I haven't personally sailed RCI, but it appears that they offer a great deal more "adventerous" activities for older kids like the rock walls, etc.  So once kids hit the 11+ range, I'd think DIsney for some would become much less appealing and some of the things RCI has to offer begin to be more appealing.
Itinerary is what first got me looking at them.  Look at DCL Panama cruises and then RCI.  Being able to dock at Guatemala, Costa Rica and Panama are FAR more interesting to me than Key West and Cozumel(both places I've been).


----------



## Vidia2

sweetpee_1993 said:


> As others have said, Royal is where I look for better itineraries.  They have many more ships, sail so many more places.  It's nice to have a broader spectrum of options.  There's only so many times you can go on the same itineraries w/Disney before it's just not that interesting anymore.  Ya know?



I'm hoping this will expand to other cruise lines as well.  Disney is just so limited as far as itineraries.  We don't necessarily want to cruise on another line but part of the reason for that is that the information we have is primarily from this board, which is primarily Disney.

We're planning a Mediterranean cruise and can only go during a time that DCL doesn't go there.  The side-benefit of going on another line is that we'll be able to take the money we save and spend a few days at Disneyland Paris.

There are so many places in the world that DCL doesn't go to - Australia, New Zealand, Fiji.  I could go on and on.  We love Disney but YOLO.

I'm really looking forward to trip reports from other lines as I find Cruise Critic hard to navigate and pretty limited as far as trip reports.


----------



## Trekker

ArmandXG said:


> I cannot judge on service yet, as my family is leaving in about 2 weeks.
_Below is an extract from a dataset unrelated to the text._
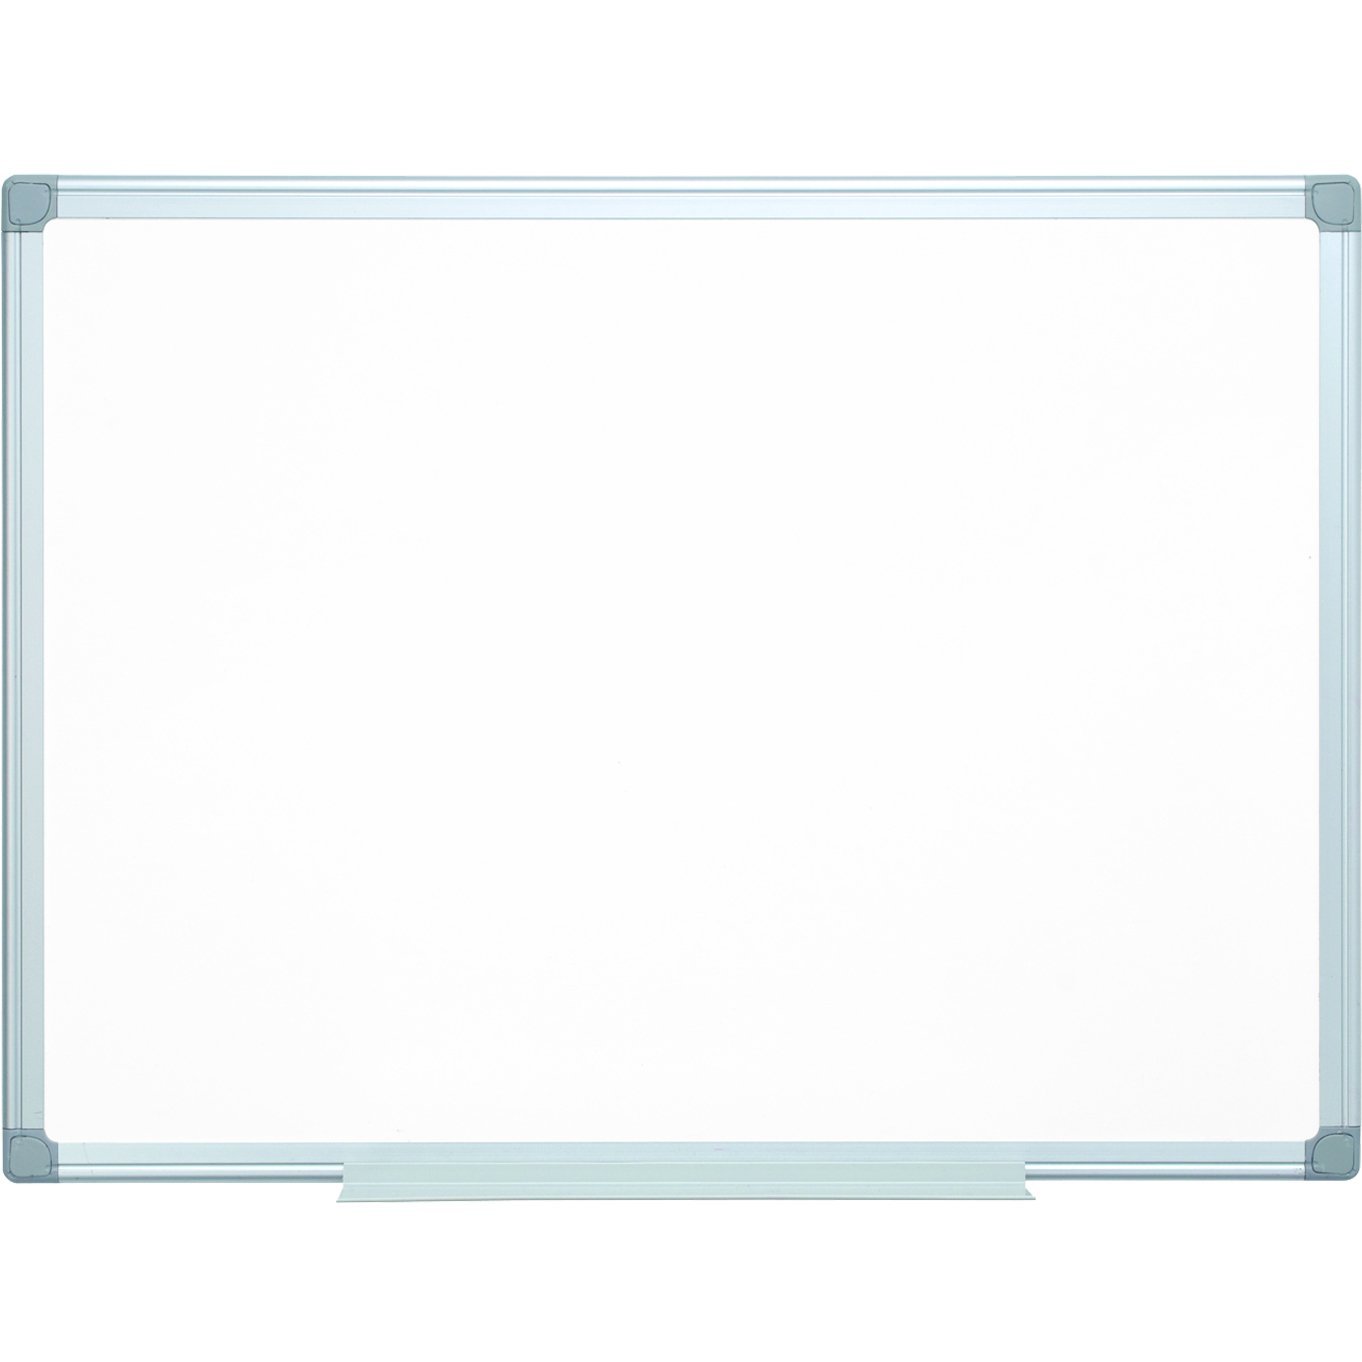 Q-connect emaljeret whiteboardtavle 1000 mm x 1500 mm, Stål/Aluminium

I am curious as to how they take care of my elderly parents, my father's mobility issues and my mother's food allergies. DCL was superb in this department and my parents were doted on by their dining servers and room host!



Hi ArmandXG - I just returned from a great 7 night sailing on the Freedom of The Seas and one of the most impressive things to me was that when it came to my room host and my serving team in the MDR the serving and caring I felt from them was wonderful.

I wish you and yours the same experience.


----------



## Torontogal

I guess I am a Disney snob. I have sailed on Carnival & had a horrible experience. Their customer service was terrible. I realize that Carnival & RCI are different lines but many do not know that thy are both owned by the same firm. 

Thanks for your posts!


----------



## woody73

Torontogal said:


> . . . I realize that Carnival & RCI are different lines but *many do not know that thy are both owned by the same firm.*


Wow, I did not know that.  So who owns both Carnival and RCI?

Woody


----------



## msmayor

Torontogal said:


> I guess I am a Disney snob. I have sailed on Carnival & had a horrible experience. Their customer service was terrible. I realize that Carnival & RCI are different lines but many do not know that thy are both owned by the same firm.
> 
> Thanks for your posts!



Incorrect.  

Carnival Corporation is the owner of Carnival, Holland America, Cunard, Aida, P&O, Ibero, Costa, Princess and Seabourn lines.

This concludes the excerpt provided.